A "random" bunch of numbers, is not so random!
Introduction
Let’s say that you are doing a demographics survey where you ask people about their salaries, monthly expenses, their ages, and a bunch of other demographics. At the end, you write all these numbers in a big giant table. Now ask yourself this question:
How many times do you plan to see the digit “1” in the table?
You are probably thinking, it is plainly 10% of the times, since one of the digits from 0 to 9 will be there, and it is mostly just a bunch of random numbers.
Okay, now ask yourself this question:
How many times is there “1” as the leading significant digit?
Well, it is not so hard. Since 0 cannot be the leading significant digit, so again it is random between 1 to 9. So the answer is 1/9 or about 11.11% of the times.
Unfortunately, this is mostly WRONG!
You will see the digit “1” as the first nonzero digit approximately 30% of the times!
Let’s try again with a different scenario: Let’s consider a bunch of numbers containing the batting scorecard of various cricketers. And to this, let’s add a wildly different dataset about the humidity of Kolkata for the last 2 years.
Now ask yourself the same question: How many times would you see the digit “1” as the first significant digit?
The answer is still the same: It is about 30%.
It looks like the seemingly random bunch of numbers follow some universal law of pattern about their digits. The following is the first statement of this law:
The law of probability of the occurrence of numbers is such that all mantissae of their logarithms are equally likely — Simon Newcomb
A more mathematically precise statement is given by Frank Benford, after whom the law was named “Benford’s Law”.
What it means is that:
The probability that the first digit is 1 is about 30.1%.
The probability that the first significant digit is 2 is about 17.6%.
…
The probability that the first significant digit is 9 is merely 4.5%.
That is, the probability of the first significant digit decaying logarithmically.

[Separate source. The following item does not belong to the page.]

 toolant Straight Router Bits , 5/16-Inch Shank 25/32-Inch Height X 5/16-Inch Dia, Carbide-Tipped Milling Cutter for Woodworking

Apparently, the bunch of random numbers does not have randomly distributed digits. In this post, we will explore some more interesting empirical evidence of this law, their applications, and try to understand theoretically why it holds.
More empirical evidence
To convince you further, here’s what I did. I took last year’s share prices for some of the largest stocks, in India and in US, namely:
Reliance, HDFC Bank, Tata Motors, Infosys from Indian stocks.

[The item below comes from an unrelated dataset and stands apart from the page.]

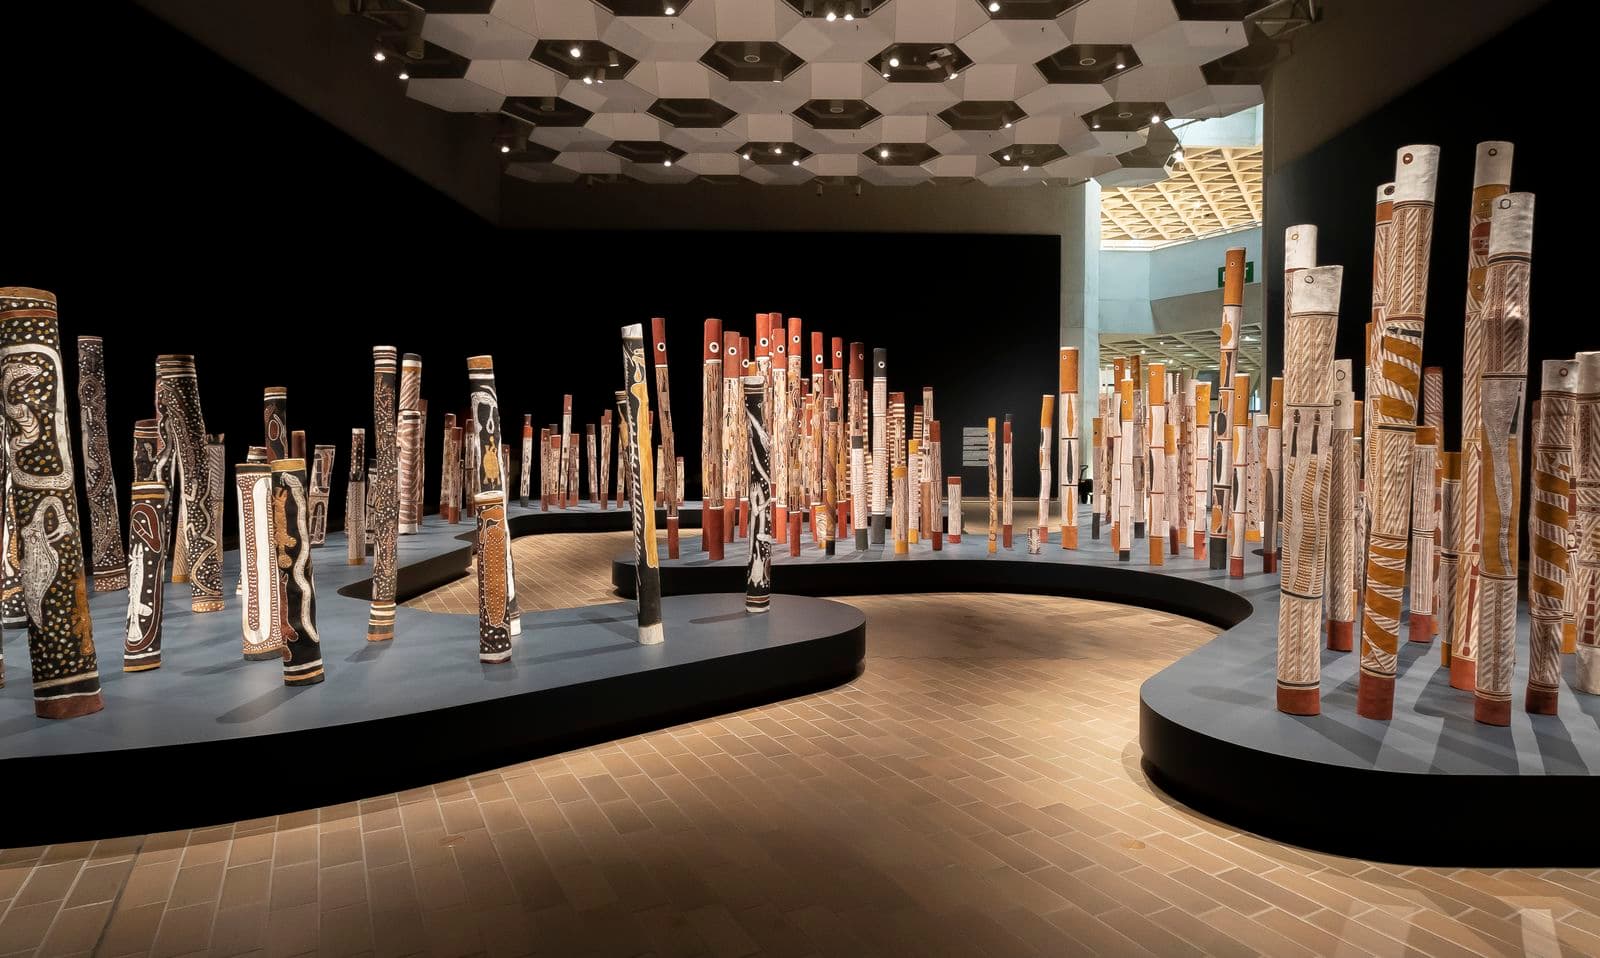 A wide-angle photograph showing an installation of 200 painted hollow logs standing upright in a large gallery space. The surrounding walls are painted in a dark colour and the logs are positioned on a navy plinth shaped to resemble both sides of a river bank.

Apple, Microsoft and Walmart, from US stocks.
After I collected the data from Yahoo Finance, Then, I calculated the percentage return and use the following code snippet to calculate the most significant digit of the return numbers.

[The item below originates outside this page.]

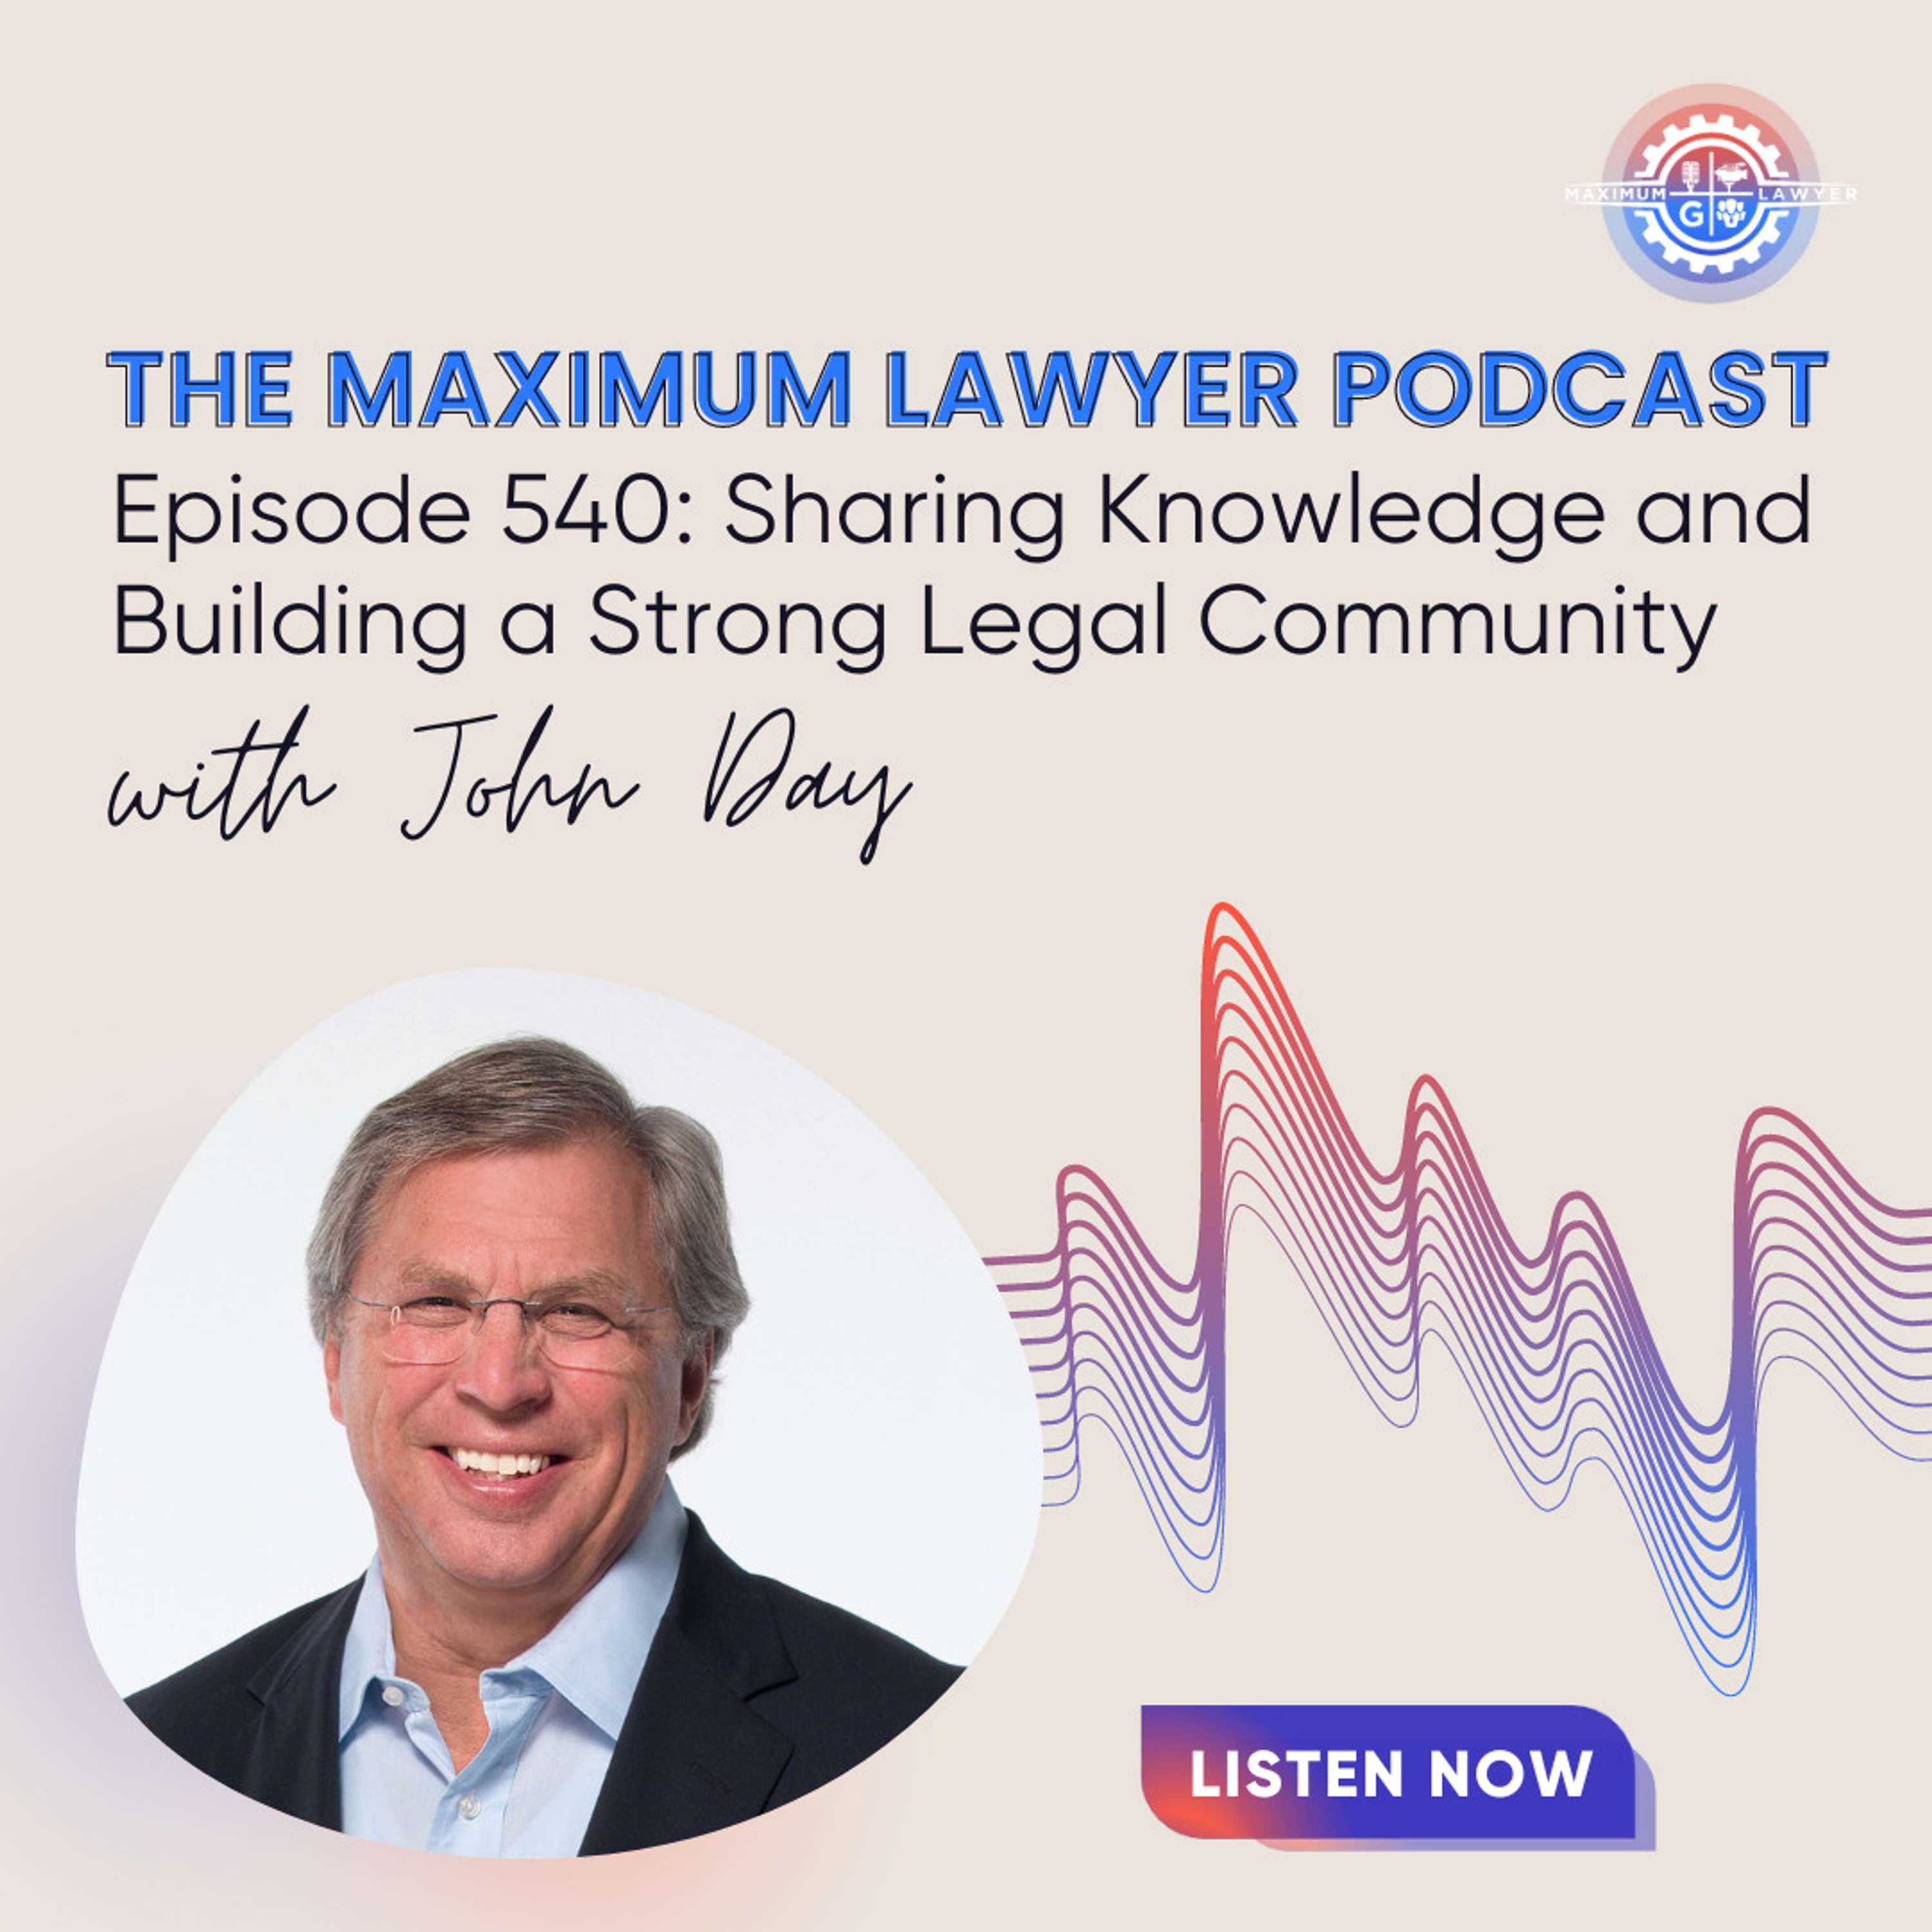 Sharing Knowledge and Building a Strong Legal Community with John Day

And the result of the frequency distribution of the digits was again — as you have guessed — the “Benford’s law”.
A bit of history lessons
Simon Newcomb, in 1881, was performing some experiments to measure the speed of light. During one of these experiments, for some calculations, he needed to look up some logarithmic tables (In 1881, we did not have computers to calculate logarithms so easily). These tables were arranged in an alphabetical way, so the first pages would contain logarithms of numbers that start with 1. Then, we would have the next few pages with logarithms of numbers that start with 2 and so on.
What Newcomb observed is that, the first few pages of the table are more worn out than the rest of the booklet, as if most people are interested in finding logarithms of numbers that begin with 1, compared to finding logs of numbers that begin with 2 or more. So, he just made a mere comment that possibly the digit of seemingly natural physical constants has a pattern.
Later in 1938, physicist Benford found this phenomenon across 20 different datasets. His data set included the surface areas of 335 rivers, the sizes of 3259 US populations, 104 physical constants, 1800 molecular weights, 5000 entries from a mathematical handbook, 308 numbers contained in an issue of Reader's Digest, the street addresses of the first 342 persons listed in American Men of Science and 418 death rates — widely different types of datasets.
After his discovery, many more people start to find examples of this law. Even you can pick up any random statistical table printed on a newspaper and validate this, all you need, is a moderately large bunch of random numbers.
Theoretical Explanation
The most notable theoretical result around Benford’s law is by Theodore P. Hill, and much of my discussion below resolves around the ideas presented in his paper, which is also available online.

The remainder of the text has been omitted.